Alain de Botton, the philosopher, writes about good listeners:
What makes people good communicators is, in essence, an ability not to be fazed by the more problematic or offbeat aspects of their own characters. They can contemplate their anger, their sexuality, and their unpopular, awkward, or unfashionable opinions without losing confidence or collapsing into self-disgust. They can speak clearly because they have managed to develop a priceless sense of their own acceptability. They like themselves well enough to believe that they are worthy of, and can win, the goodwill of others if only they have the wherewithal to present themselves with the right degree of patience and imagination…. As children, these good communicators must have been blessed with caregivers who knew how to love their charges without demanding that every last thing about them be agreeable and perfect. Such parents would have been able to live with the idea that their offspring might sometimes — for a while, at least — be odd, violent, angry, mean, peculiar, or sad, and yet still deserve a place within the circle of familial love. The parents would thus have created an invaluable wellspring of courage from which those children would eventually be able to draw to sustain the confessions and direct conversations of adult life.
Isn’t this awesome? You’re not aiming to be perfect. You’re aiming to be perfectly at home with yourself. You’re aiming to accept your weirdness, quirks and awkwardness, and out of that okayness, you will give your small charges – and everyone around you – permission to be, to feel what arises, and to express themselves. To make mistakes. To course-correct. And that makes them a gift, to everyone, because those people tend to be good listeners and communicators, themselves.

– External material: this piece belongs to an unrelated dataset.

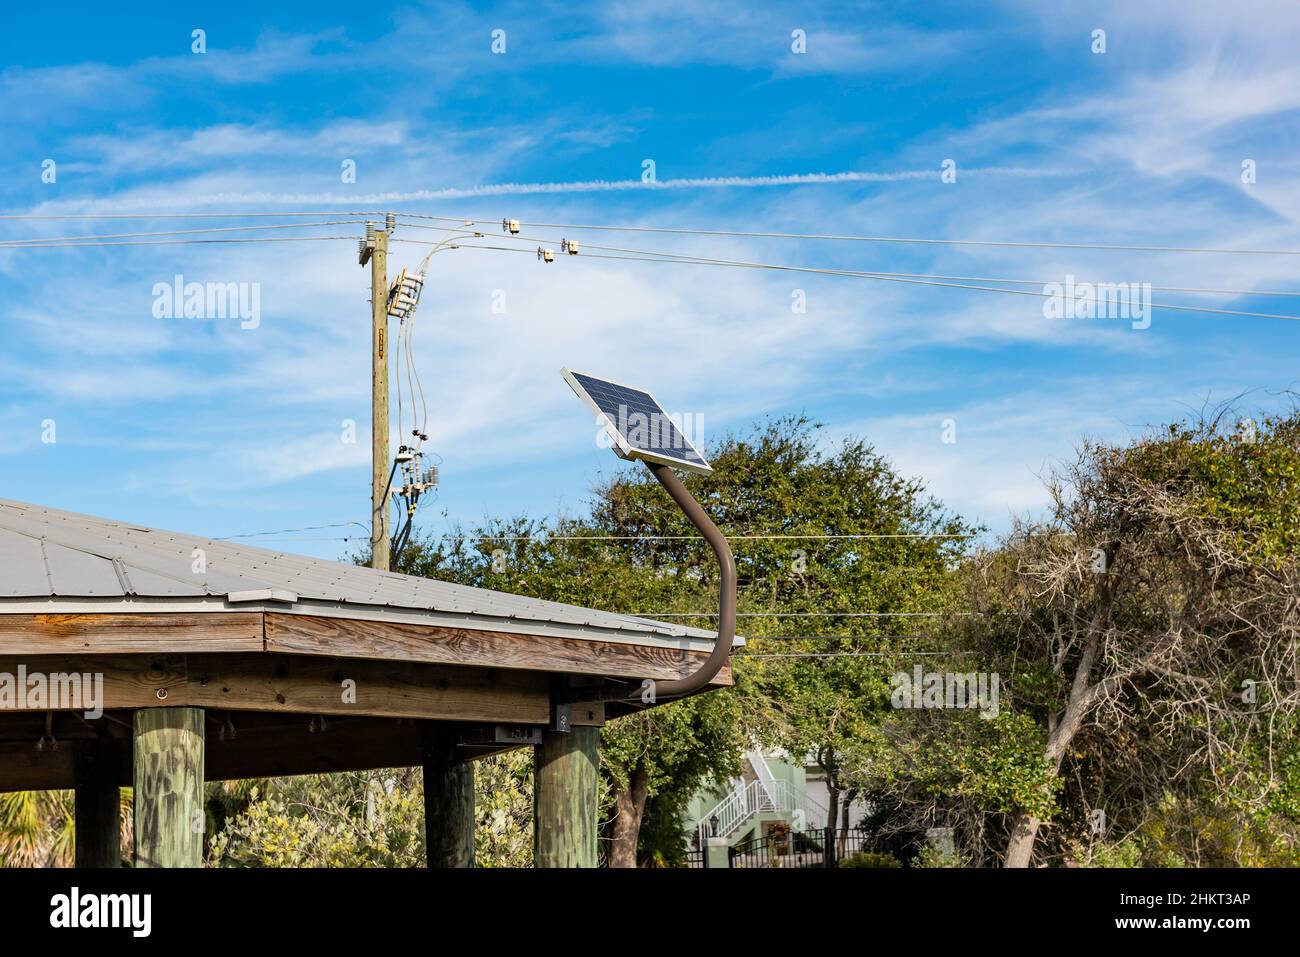 Un piccolo pannello solare fissato al tetto di un padiglione del parco è giustapposto contro un polo elettrico e fili. Foto Stock

We’re in a maelstrom of feelings these days. The latest outbreak numbers in Whistler reiterated how tough it is on the kiddos these days: no playdates, no birthday parties. We’re weathering all the storms, and our outlets are limited.
The security of knowing that someone is watching out for him/her is what allows a child to explore, to risk bumps, disappointment and hurt feelings, and to come out the other side. When children feel safe, they develop a nervous system that is less alarmist, so they recover more easily from upsets. So don’t try to talk him/her out of her feelings when he/she doesn’t get the part in the play. Instead, empathize with the disappointment and honor the grief.
With your support, they’ll feel those big emotions and move past them, instead of freezing them inside, which locks in that feeling of failure.
Every child needs to know that someone is in their corner, rooting for them. Not rooting for them to reach the top, be the best, impress everyone… but rooting for them, as they are, no matter what. Even in the midst of a storm.